Your goal:
Could you return, exactly as written, every line from the one containing "Sports & Kilts" through the last line of the entries below, leaving out the pictures?

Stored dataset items
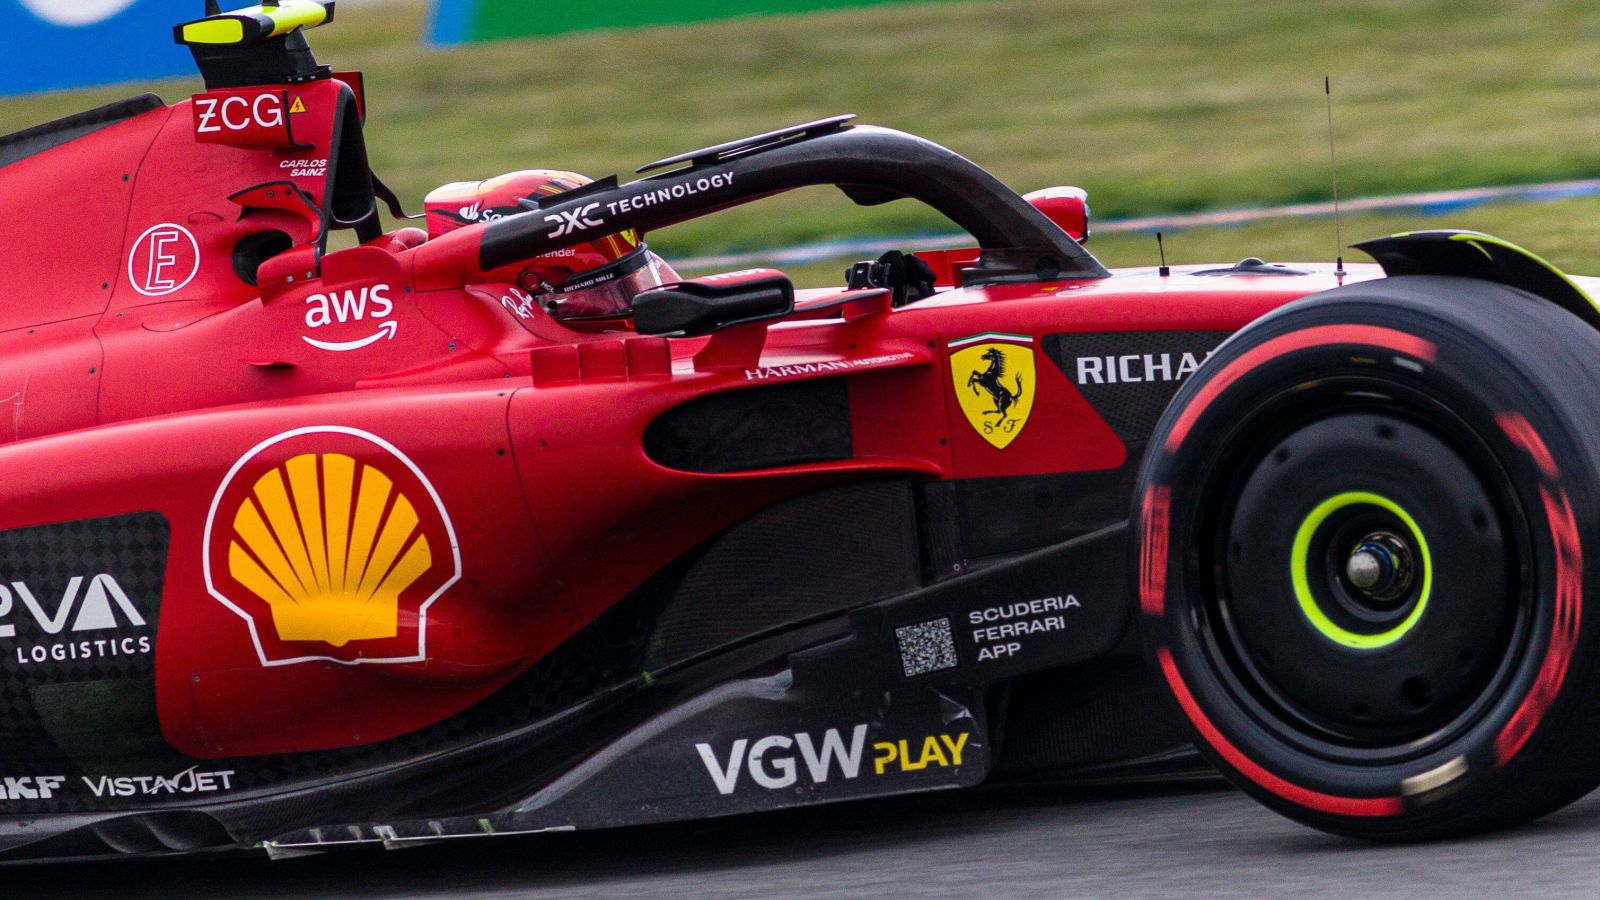 Glaring weakness identified in Ferrari’s F1 team by former employee
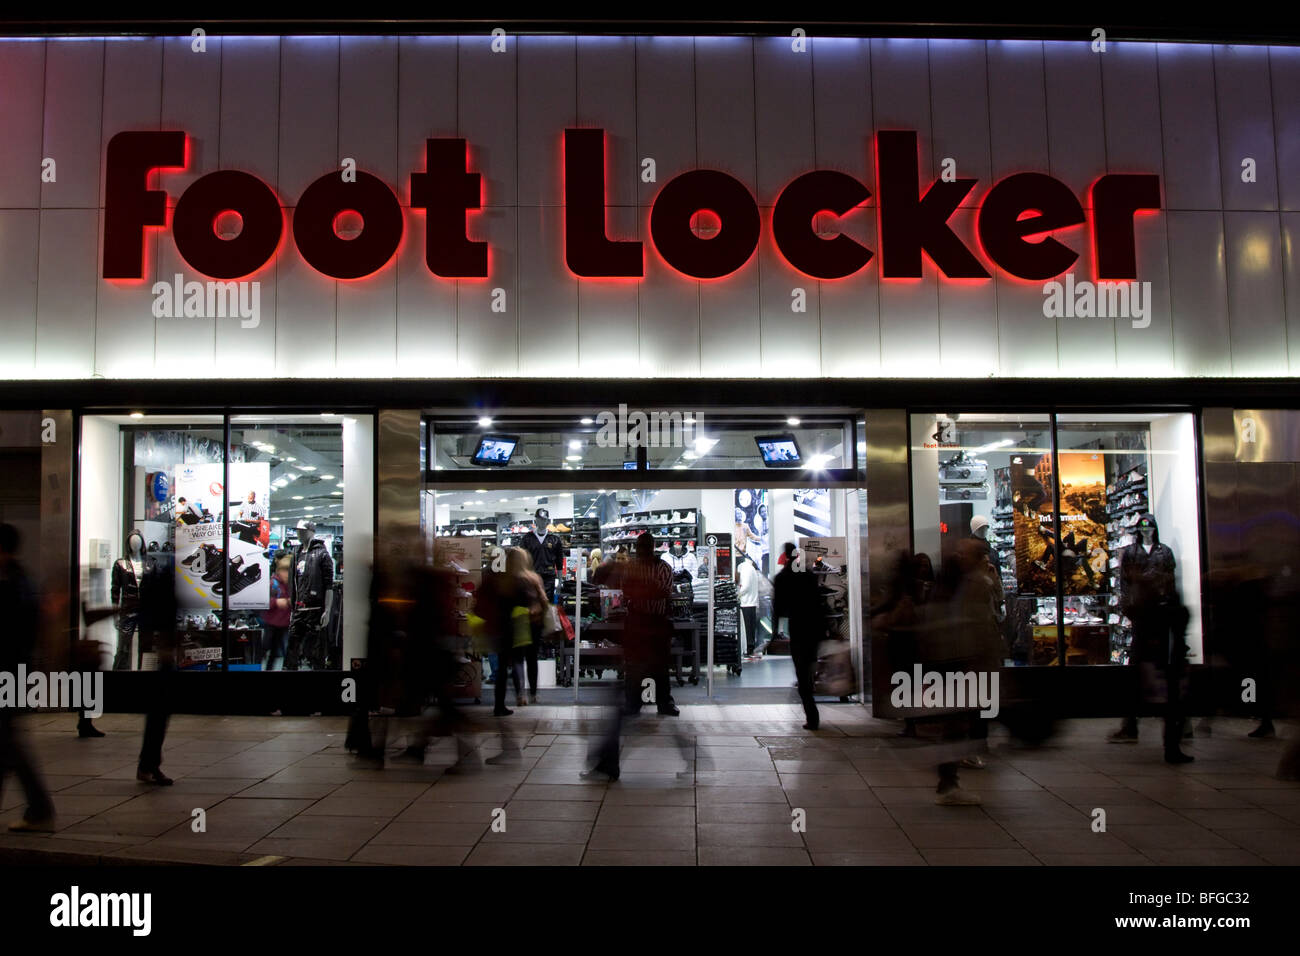 Foot Locker Sports Footwear Store - Oxford Street - London Stock Photo
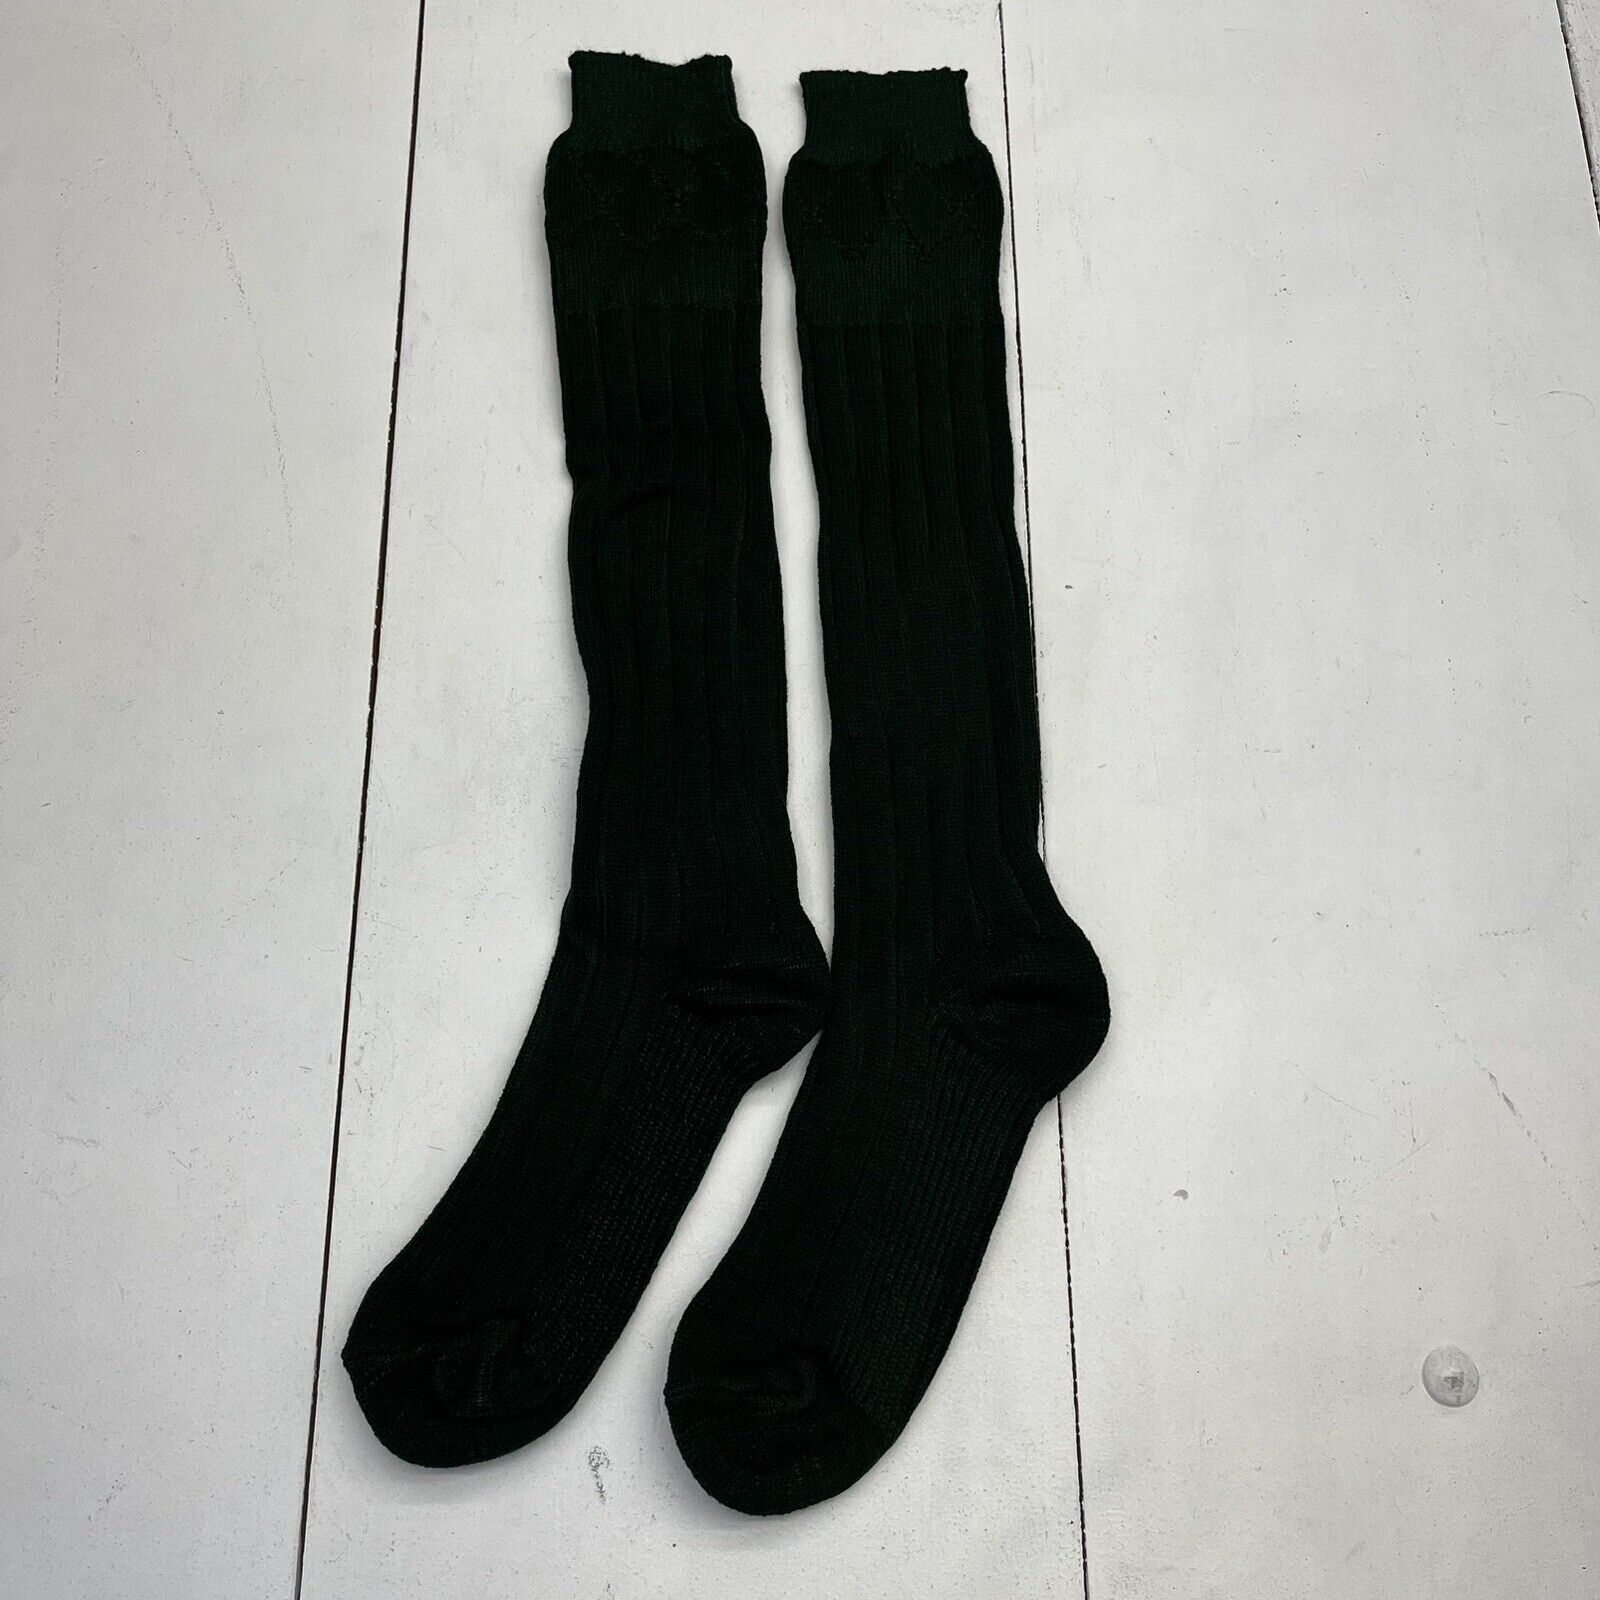 Sports & Kilts Green Knee High Knit Socks NEW
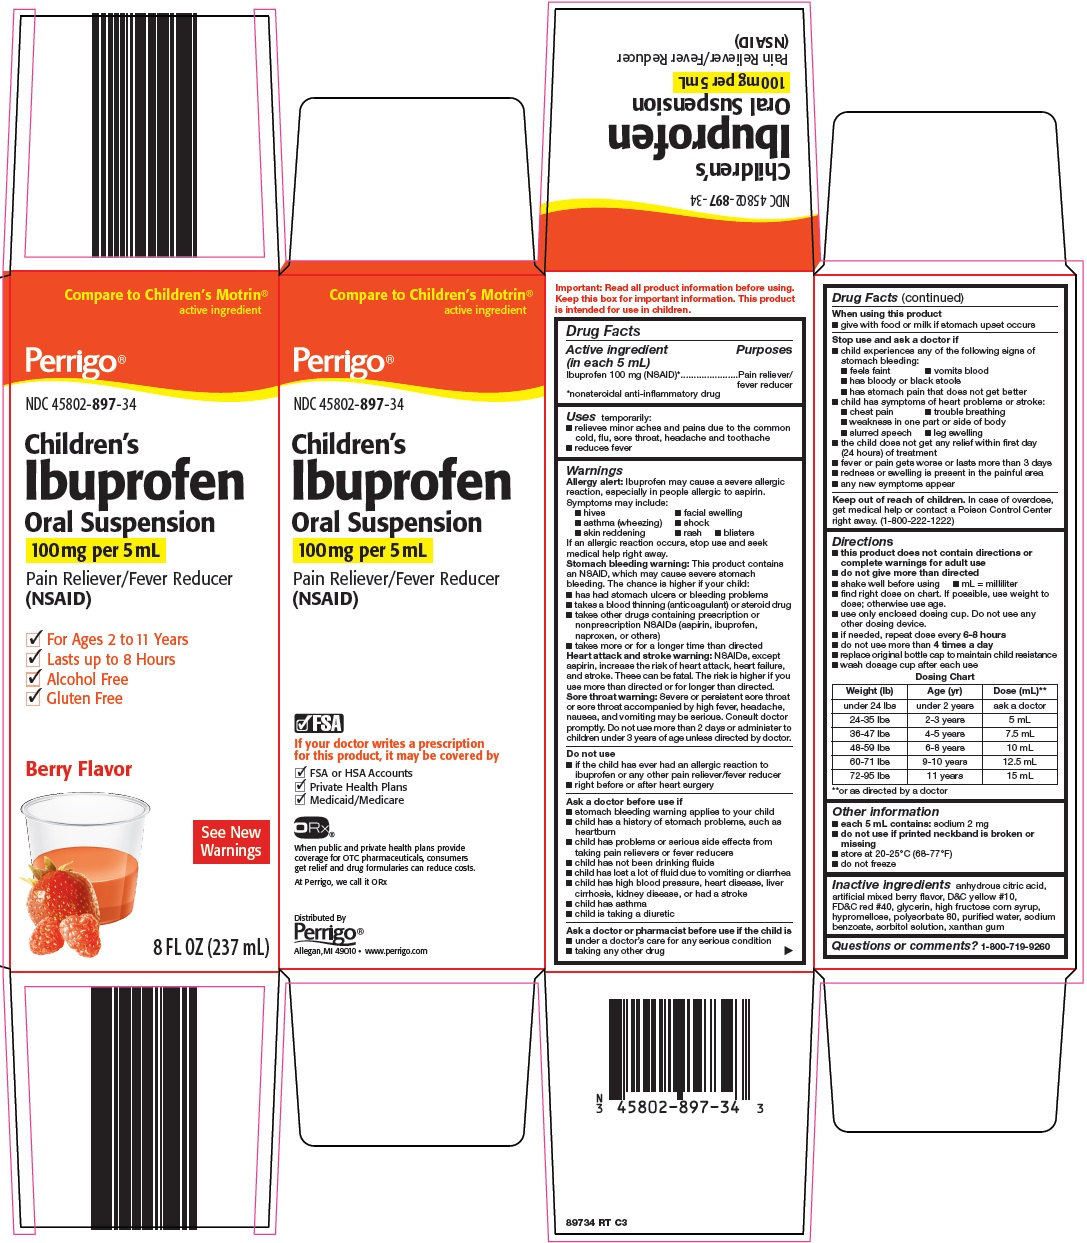 897-rt-ibuprofen.jpg
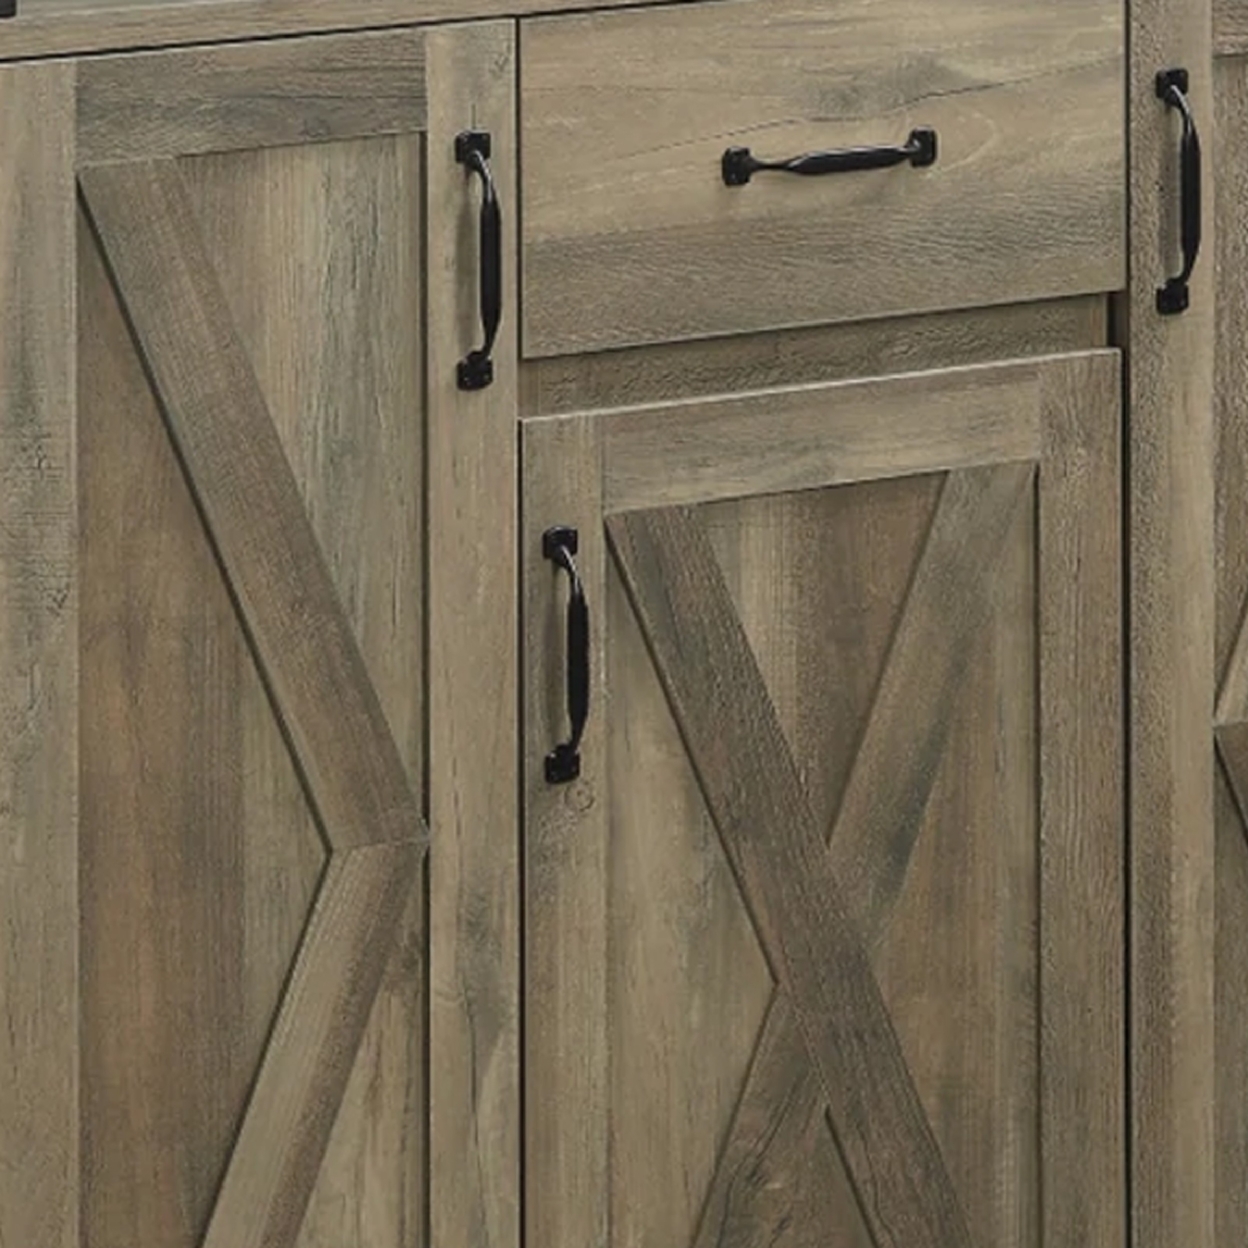 39 Inch Wood Sideboard Buffet Cabinet, 3 Barn Style Doors, Rustic Oak- Saltoro Sherpi

Result of this task:
 Sports & Kilts Green Knee High Knit Socks NEW
 897-rt-ibuprofen.jpg
 39 Inch Wood Sideboard Buffet Cabinet, 3 Barn Style Doors, Rustic Oak- Saltoro Sherpi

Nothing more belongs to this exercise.